Kihara joins Sakahan international indigenous exhibition line up

New Zealand artist Shigeyuki Kihara has been selected for an international indigenous art exhibition at the National Gallery of Canada (NGC). Opening on 17 May, Sakahàn: International Indigenous Art is one of the National Gallery of Canada's most ambitious contemporary art exhibitions to date.

Kihara will be represented by the work 'Fa'afafine: In the Manner of a Woman' - on loan from New York's Metropolitan Museum of Art, where Kihara was the first New Zealand artist to have a solo exhibition in 2008.

Featuring some 150 artworks by over 75 artists from around the world, Kihara is one of only six New Zealand artists to be featured in the Sakahàn quinquennial, joining Brett Graham, Fiona Pardington, Michael Parekowhai, Rachael Rakena and Taika Waititi. International artists of note included in the exhibition include Vernon Ah Kee (Australia), Regina José Galindo (Guatemala) and Wangechi Mutu (United States).

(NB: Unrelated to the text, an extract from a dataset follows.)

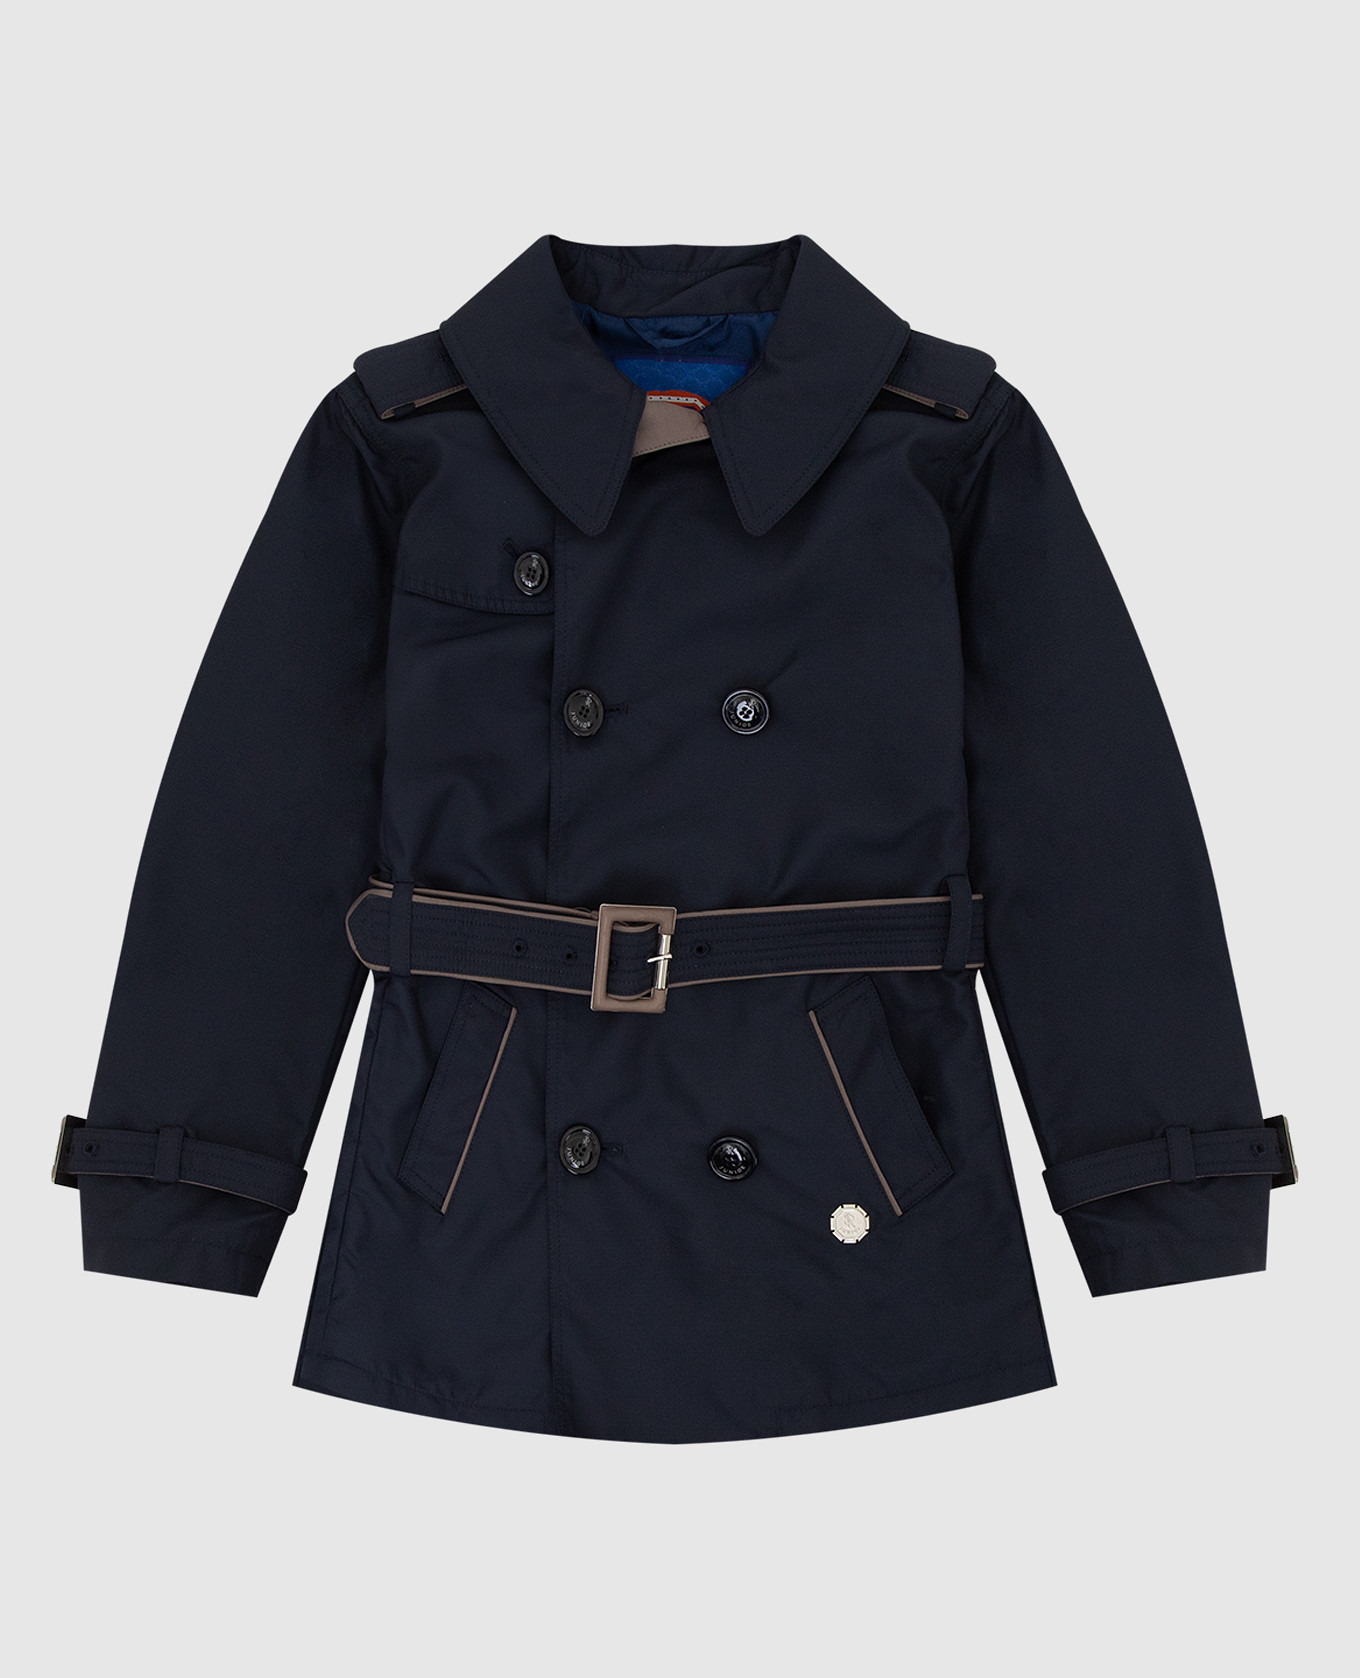 Children's navy blue trench coat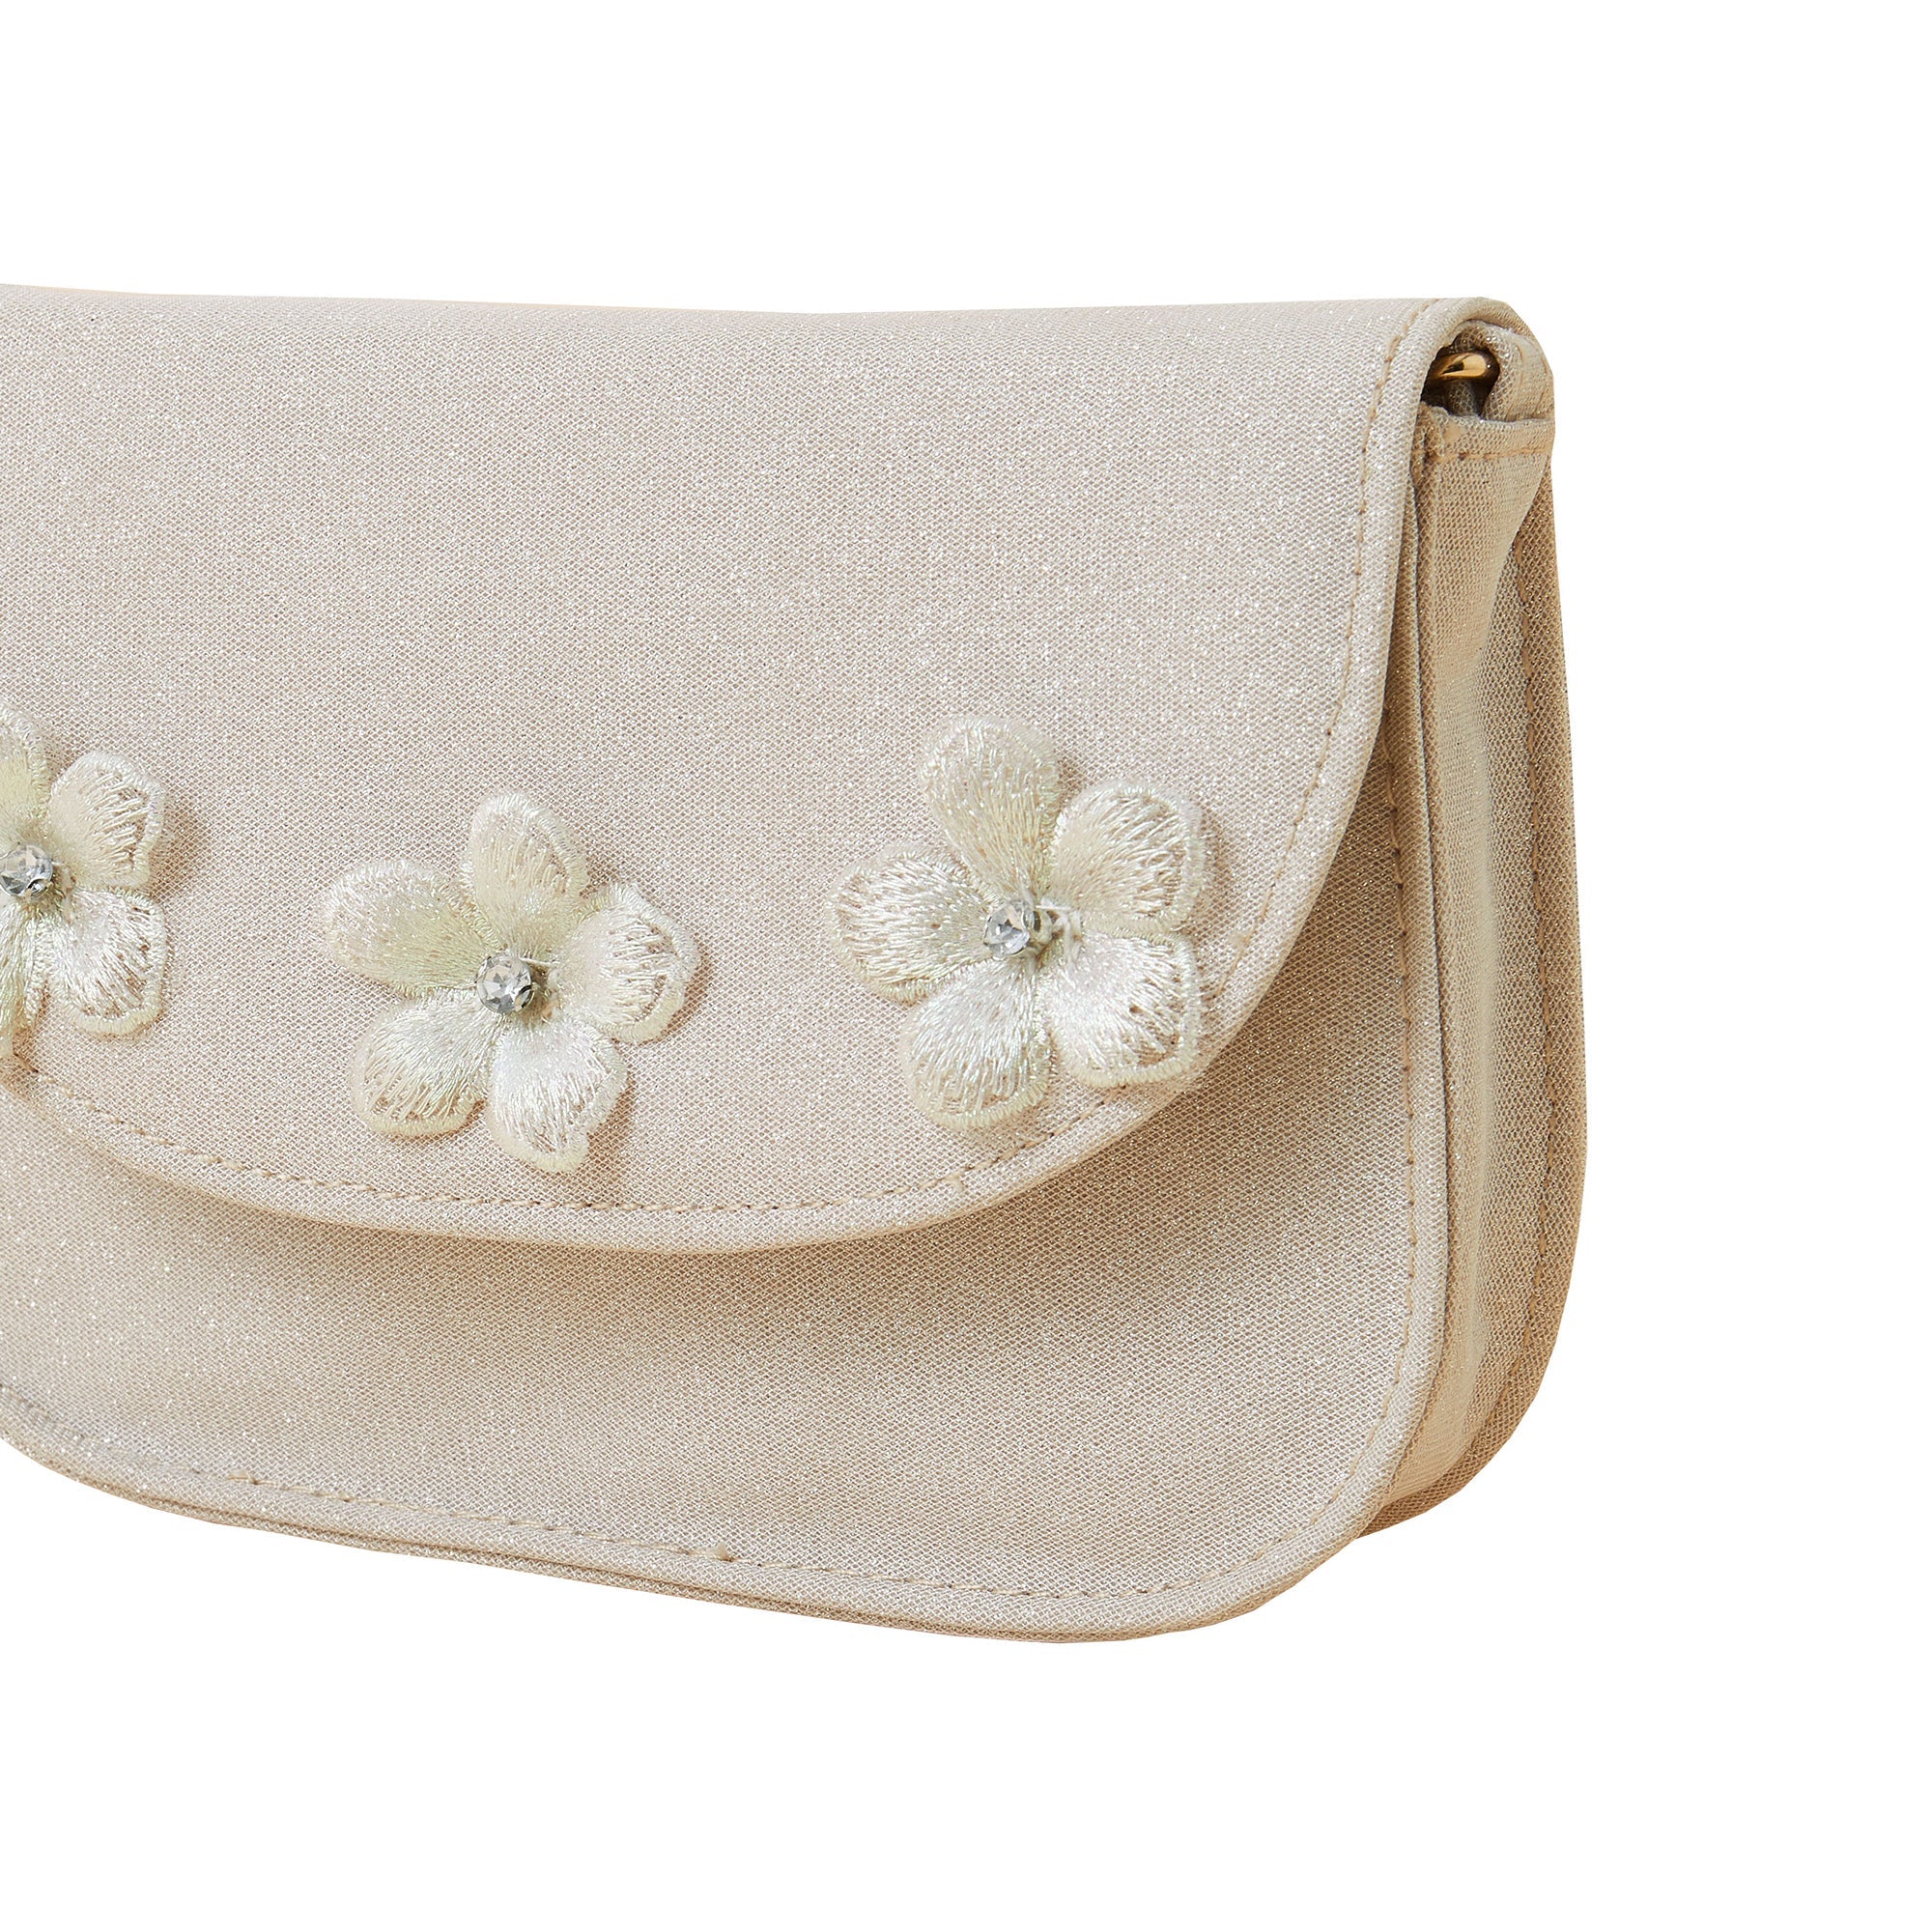 Accessorize London Girl's R Shimmer Flower Bag

Sakahàn means "to light a fire" in the language of the Algonquin peoples of North America. An internationally significant event, the exhibition promises to be poetic, unexpected and challenging; its diverse international line up intends to celebrate and interrogate distinct cultural, political and social moments experienced by indigenous peoples.

The exhibition has been curated by Greg Hill, NGC Audain Curator of Indigenous Art; Christine Lalonde, NGC Associate Curator of Indigenous Art; and Candice Hopkins, NGC Elizabeth Simonfay Guest Curator.

In a collaborative effort, the NGC's curatorial team worked with an international advisory committee to bring together artists from countries such as Australia, Brazil, Canada, Colombia, Finland, Greenland, Guatemala, India, Japan, Kenya, Mexico, Aotearoa/New Zealand, Norway, Samoa, Taiwan and the United States. The artists' approaches are as varied as their chosen media, which include performance art, drawing, installations, painting, photography, sculpture and video. Several new works will be created specifically for the exhibition.

Kihara's inclusion in Sakahàn directly follows the opening of a mid-career survey exhibition, Undressing the Pacific, spanning more than a decade of her career at the Hocken Library (April – June 2013) and an international research symposium focused on Kihara’s creative work hosted by the Department of History & Art History (4 May 2013); both held at the University of Otago, Dunedin, New Zealand.

The exhibition is a first for the NGC, but the Canadian public gallery has a strong commitment to local and international indigenous artists, and acknowledges that indingeous art has been an important part of their national collection for over 50 years.

The exhibition runs from 17 May to 2 September 2013.